= Baroque! From St Peter's to St Paul's =

British television documentary series

Baroque! From St Peter's to St Paul's is a three-part BBC Four documentary series on the painting, sculpture and architecture of the Baroque period. It was written and presented by Waldemar Januszczak and first broadcast in March 2009. It is named after its start in the square of Saint Peter's Basilica and its end at St Paul's Cathedral.

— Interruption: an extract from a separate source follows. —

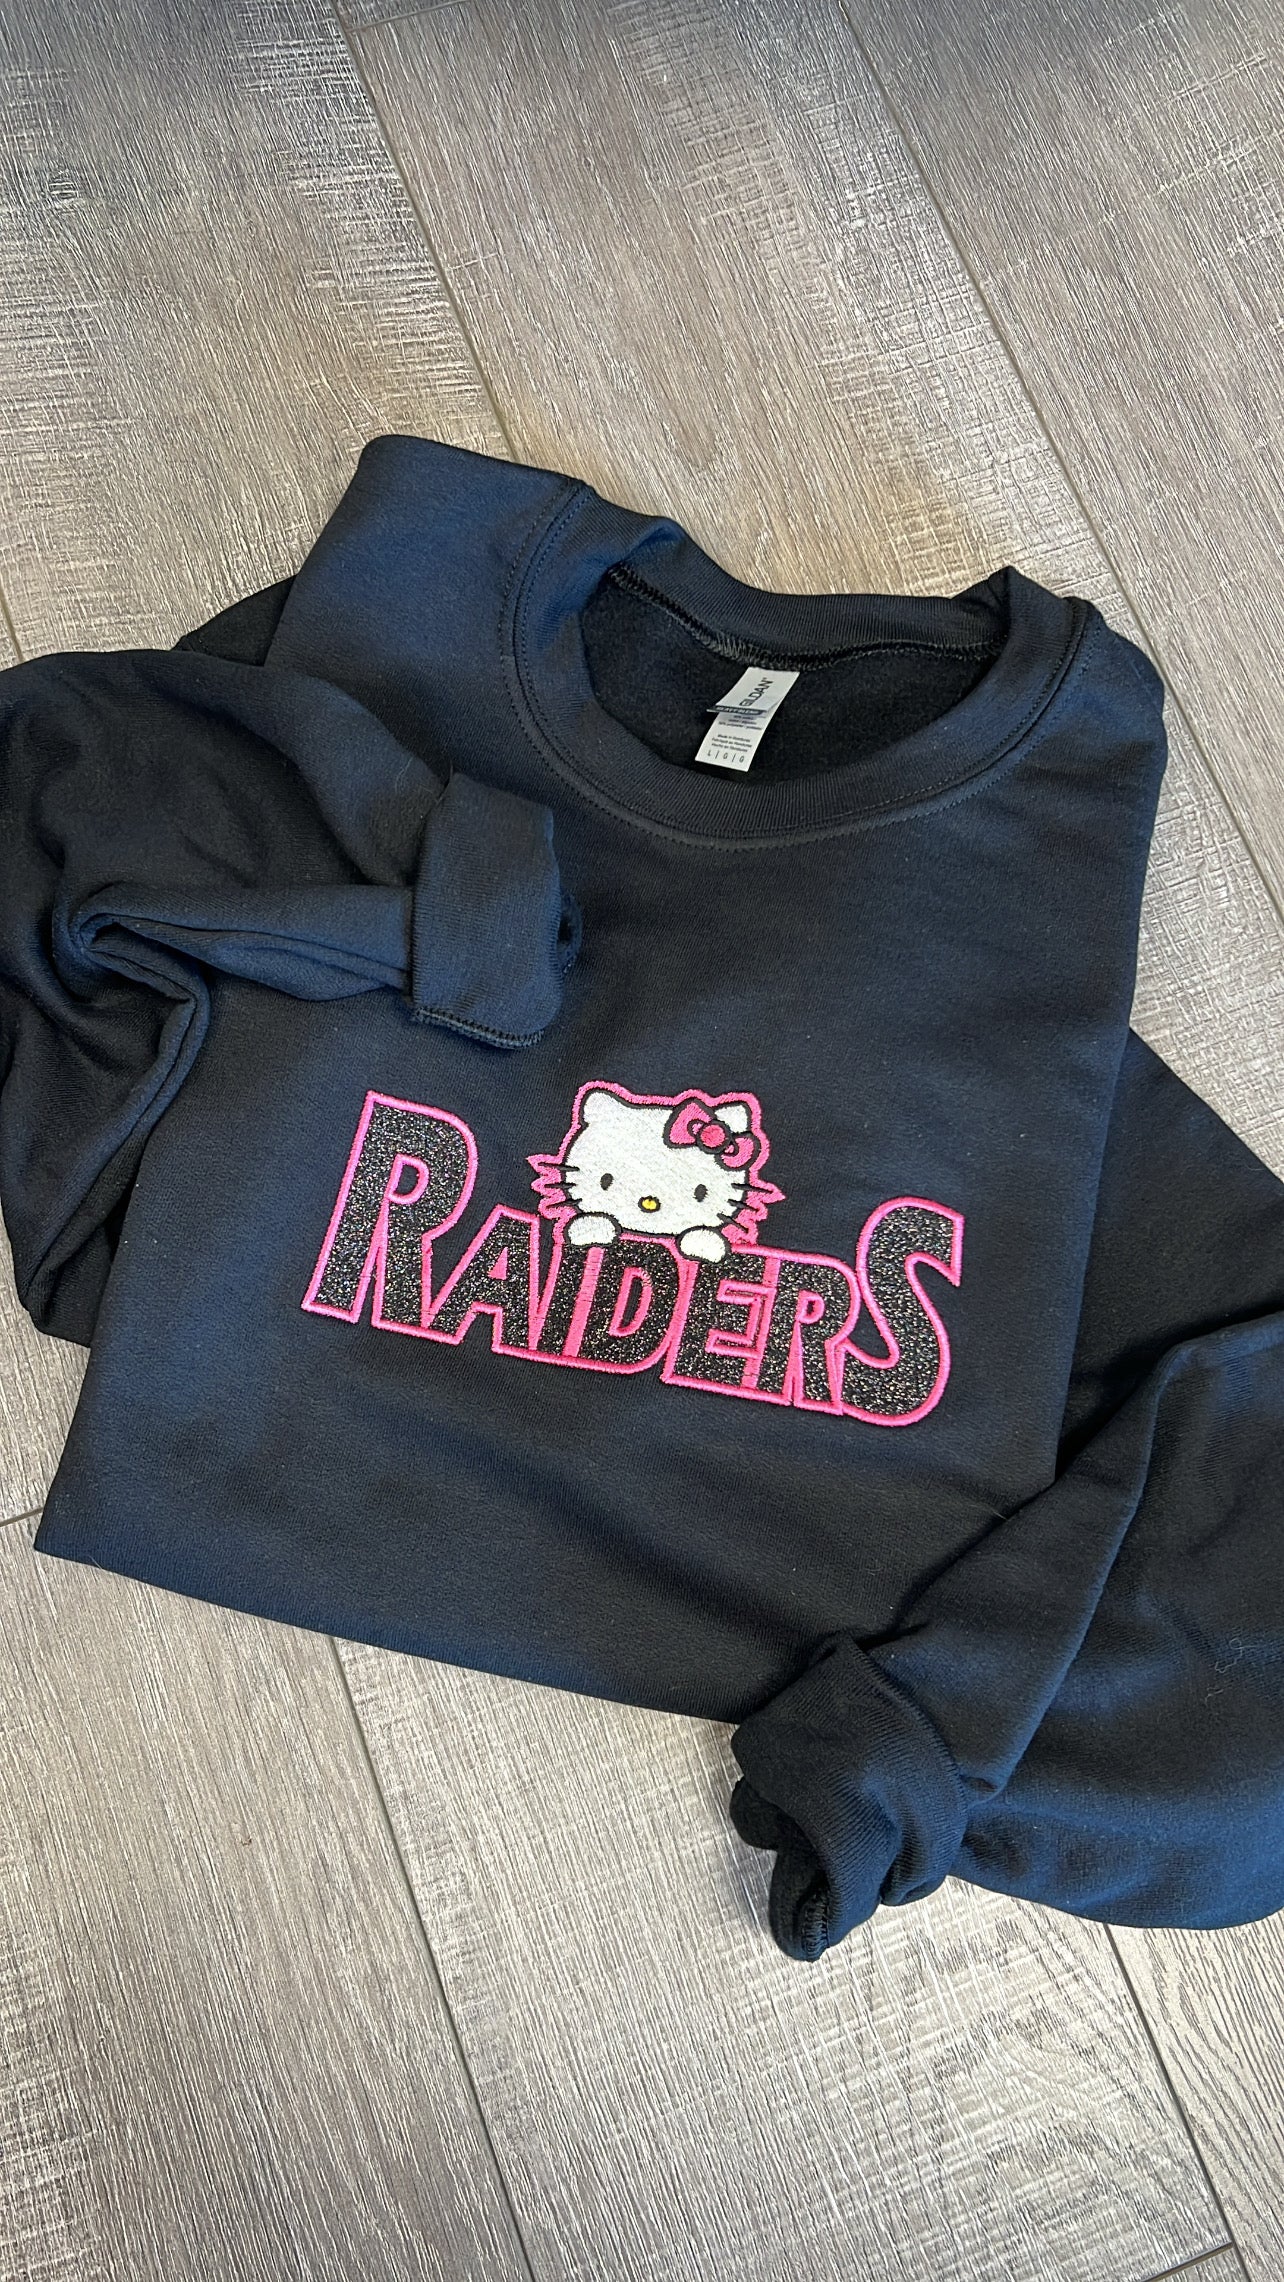 Kitty Raider glitter embroidered crew sweatshirt

In March 2010 'Baroque!' won a Royal Television Society Award for best arts programme.

==Episodes==
1. ”The Birth of the Baroque". Italy – Baroque's origins in Rome and Spanish Naples, including Borromini's architectural work such as San Carlo alle Quattro Fontane, Bernini's fountains, churches like Sant'Andrea al Quirinale and sculptures such as The Ecstasy of St Theresa; Andrea Pozzo's illusionistic work at Sant'Ignazio and Annibale Caracci's The Loves of the Gods; Caravaggio's career in Rome and Naples; Jusepe de Ribera, his 'Cabal of Naples' and its activities against rivals such as Caracci's followers Domenichino and Guido Reni.
2. ”Baroque’s Dark Heart". Spain, its South American Empire, the Spanish Netherlands and the Dutch Republic – Velázquez and Las Meninas; Zurbarán; Baroque church architecture at Santiago de Compostela and in the Southern Netherlands; Rubens and the Southern Netherlands; Rembrandt, Frans Hals and Vermeer in the Dutch Republic
3. ”Designing St Paul’s Cathedral". England – The Royal Naval Hospital and Queen's House at Greenwich; Rubens, Van Dyck and Charles I's art patronage (including Banqueting House and its ceiling paintings); William Dobson's work during the English Civil War; the London churches of Christopher Wren and Nicholas Hawksmoor; Blenheim Palace, the English Baroque invention of the country house within a landscaped garden and the career of John Vanbrugh; St Paul's.